Exercise objective —
Using the listing below, give again exactly the lines from the line with "PLAYMOBIL BANCO VICTORIANO PY7780" to the line with "online store fc827", inclusive, without the pictures.

Supplied data —
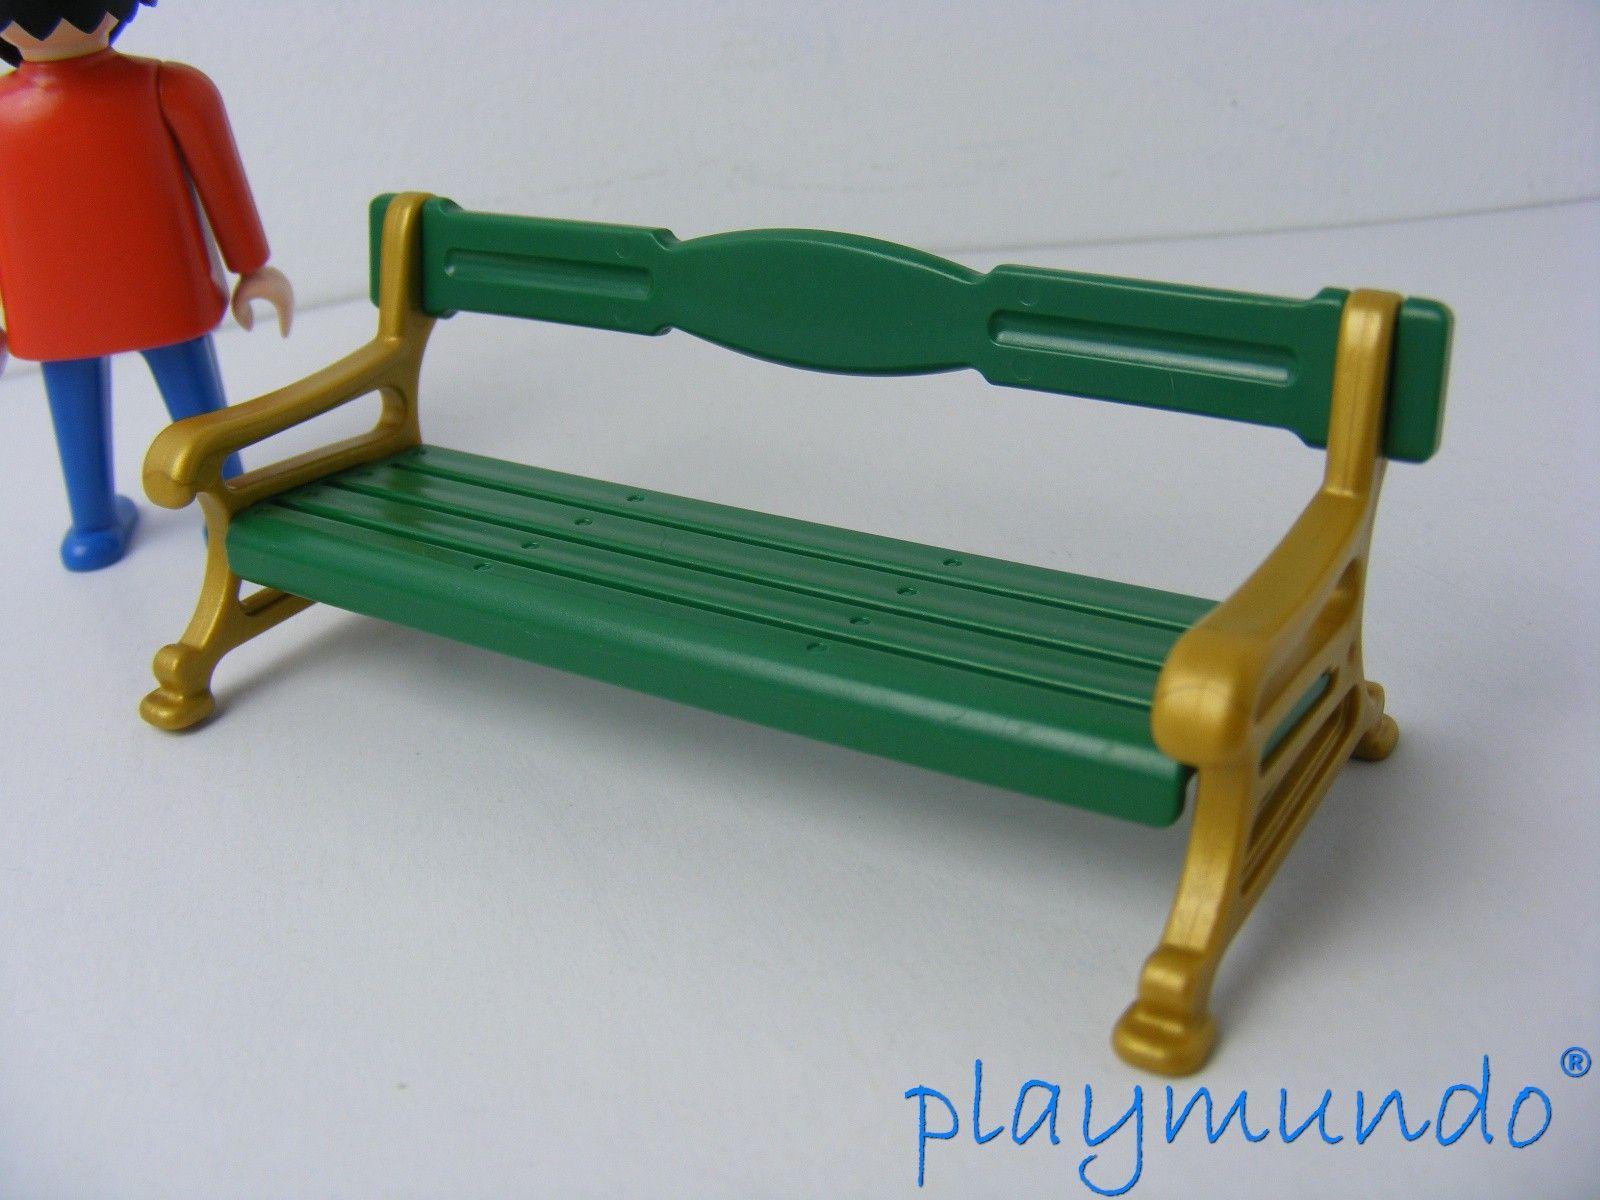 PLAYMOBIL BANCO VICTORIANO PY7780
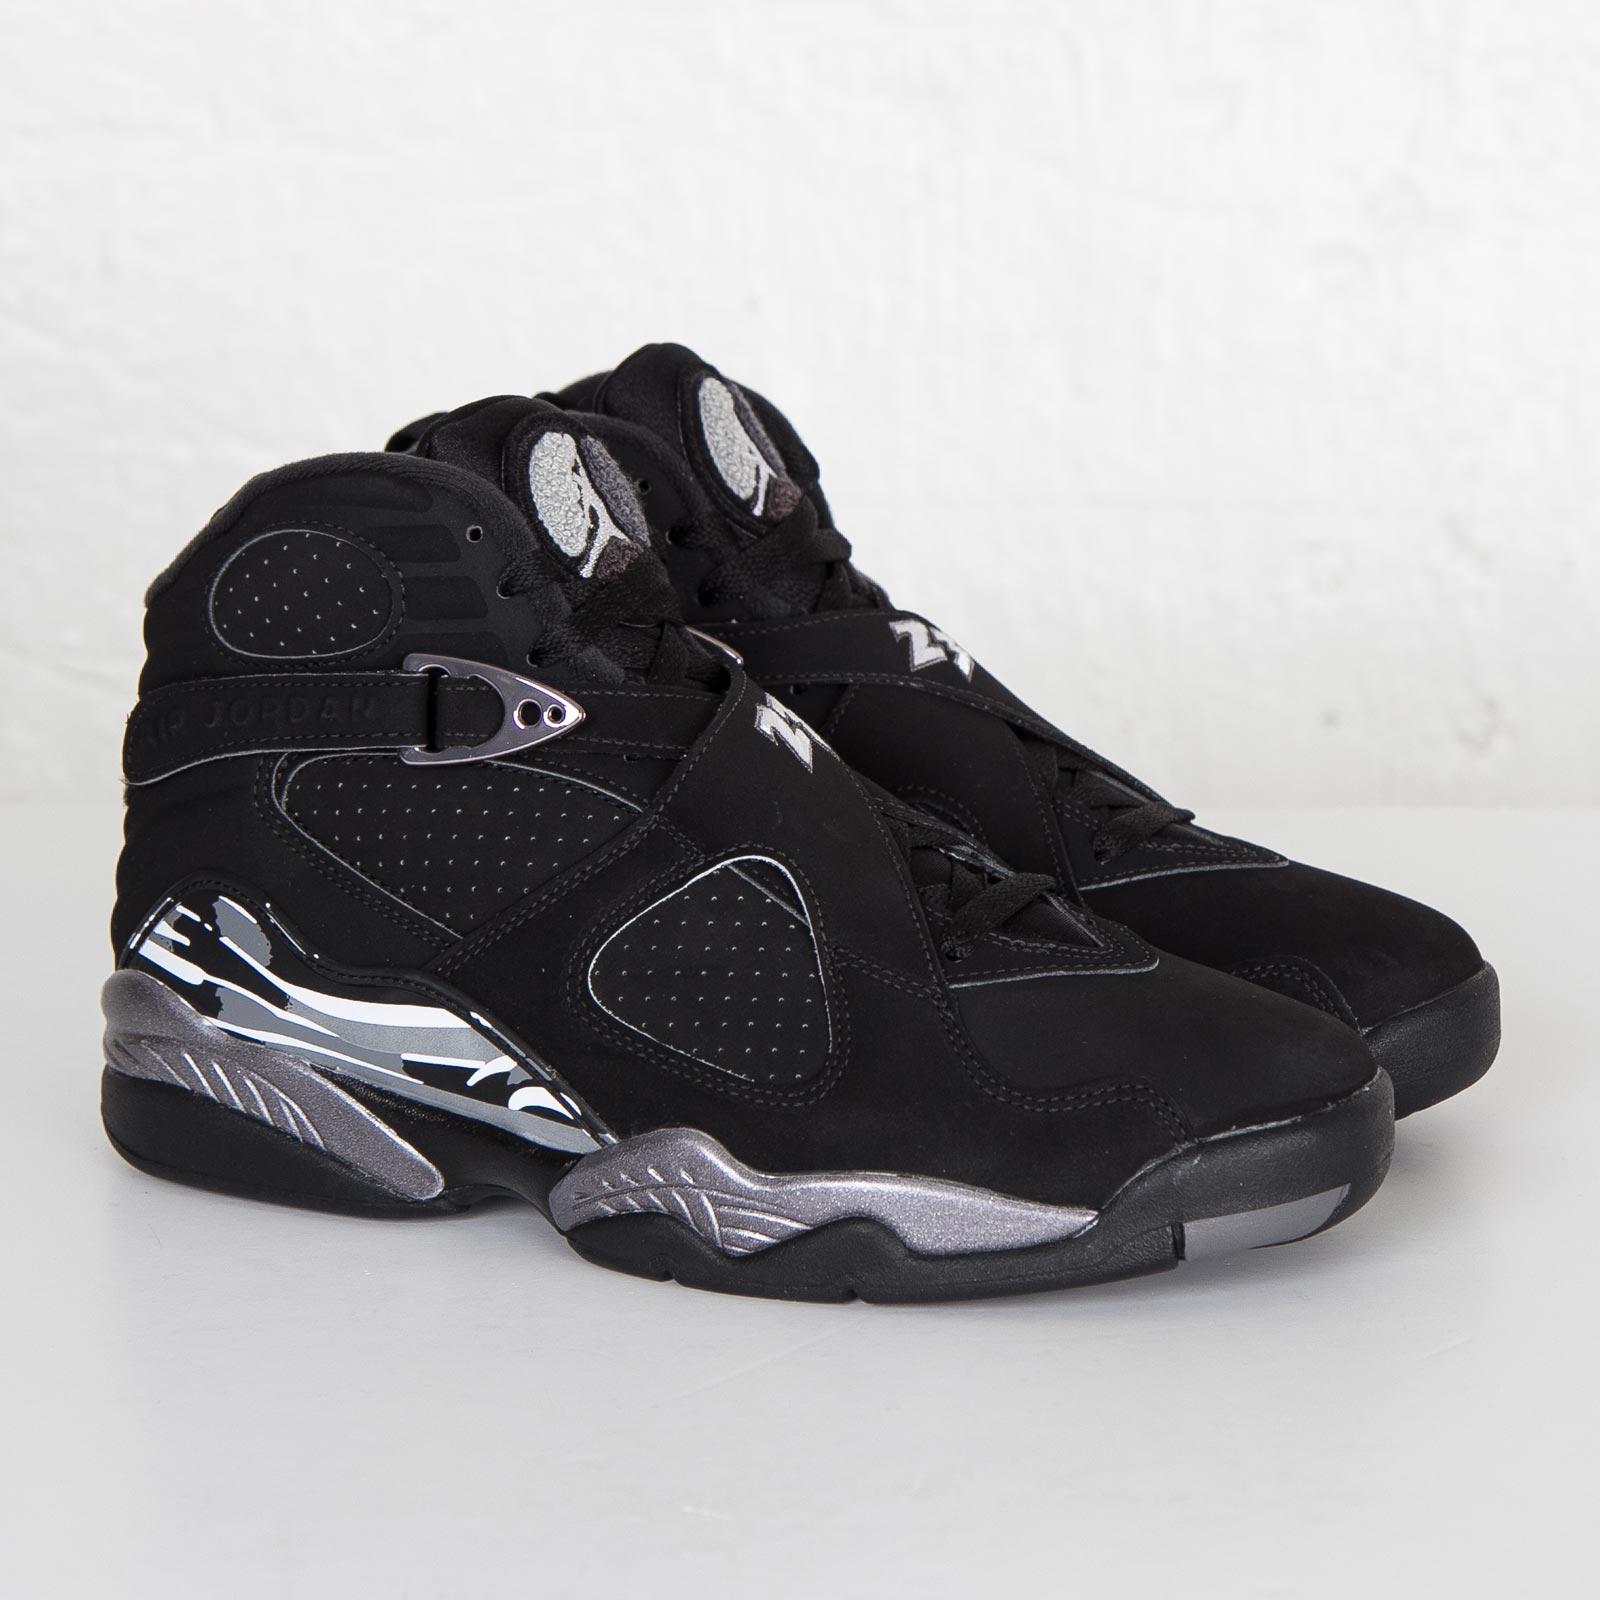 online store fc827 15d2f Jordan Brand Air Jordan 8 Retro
...
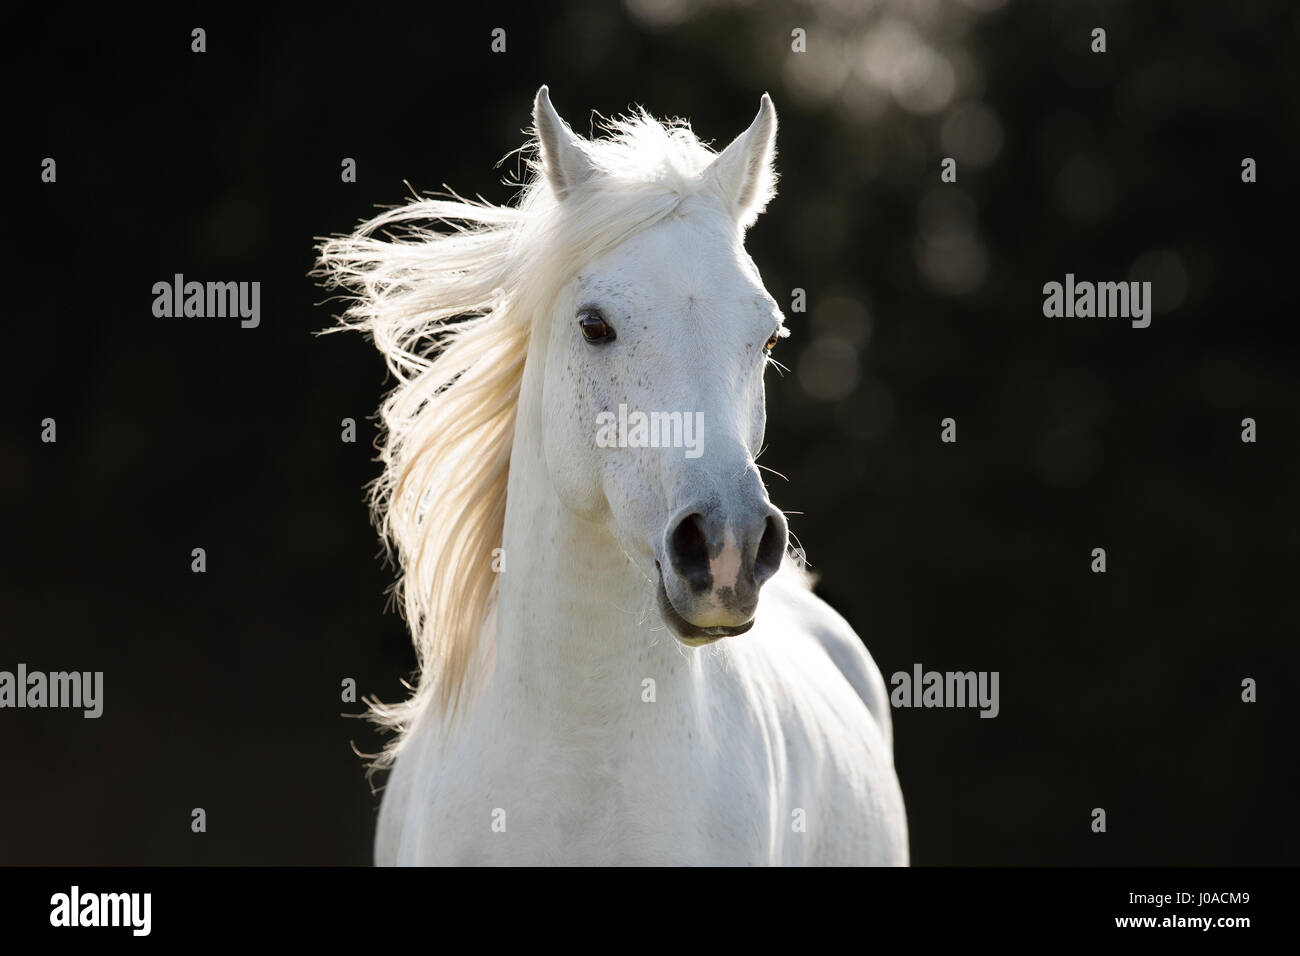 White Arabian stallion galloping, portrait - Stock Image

Response for this exercise —
 PLAYMOBIL BANCO VICTORIANO PY7780
 online store fc827 15d2f Jordan Brand Air Jordan 8 Retro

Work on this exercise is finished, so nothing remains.